▶ Your task:
Among the lines below, keep only those from the one containing "Clojure-vs-Scala-info" through the one containing "Farm Paradise Fun", and reproduce them exactly.

Segment Start: Dataset content

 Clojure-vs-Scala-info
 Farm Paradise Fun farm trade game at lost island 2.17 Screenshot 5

Segment End: Dataset content
Segment Start: Dataset content

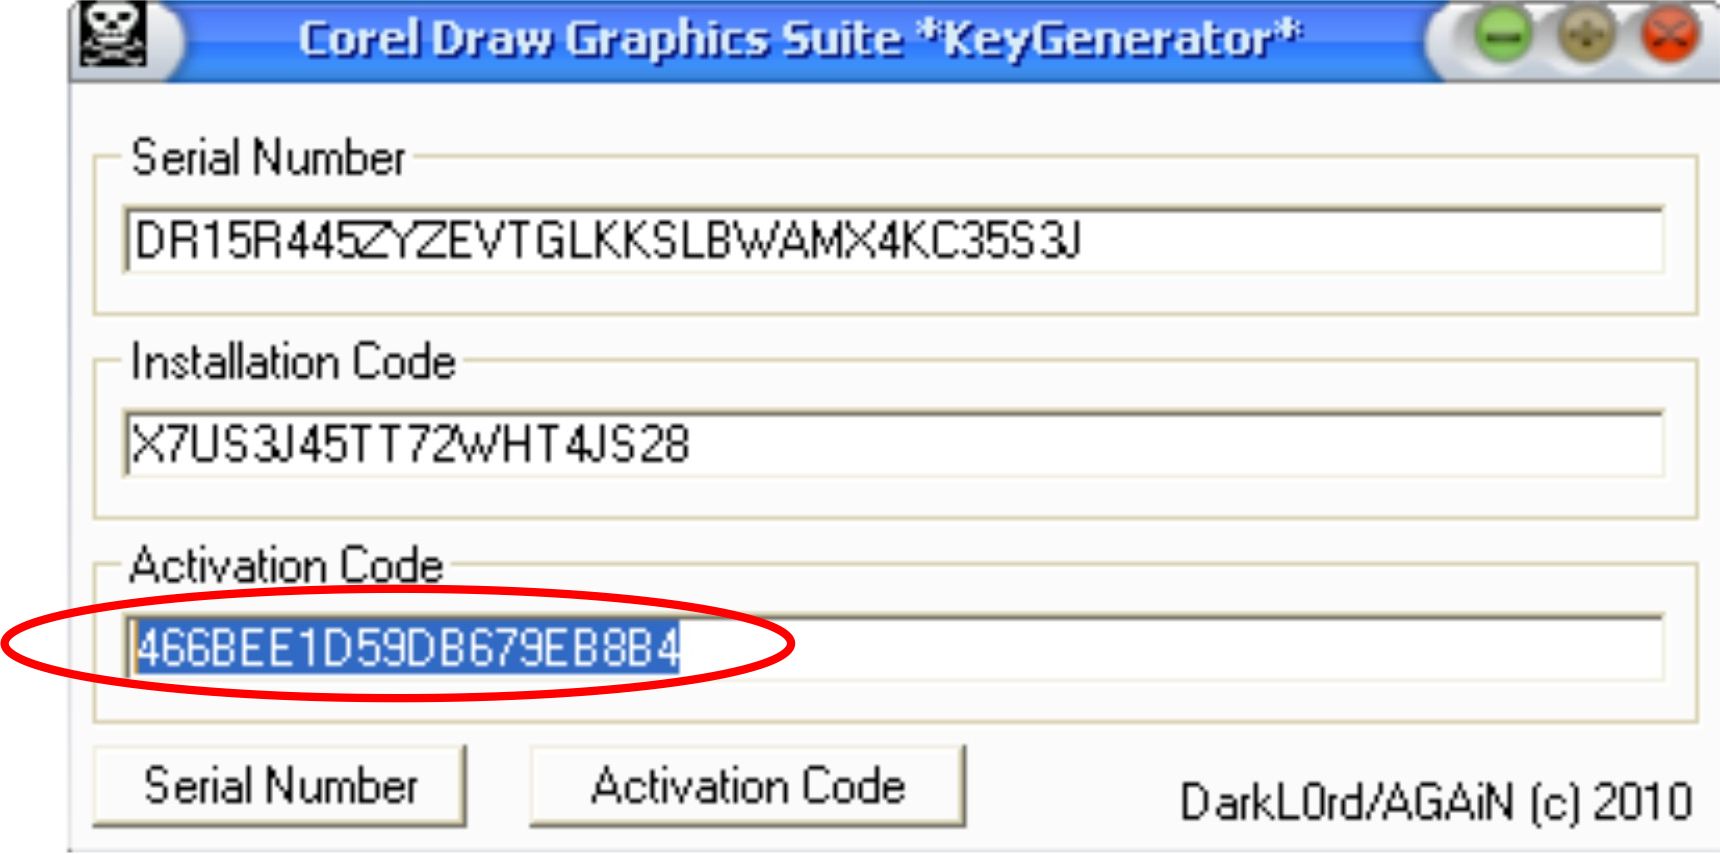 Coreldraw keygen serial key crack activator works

Segment End: Dataset content

▶ Exercise solution:
 Clojure-vs-Scala-info
 Farm Paradise Fun farm trade game at lost island 2.17 Screenshot 5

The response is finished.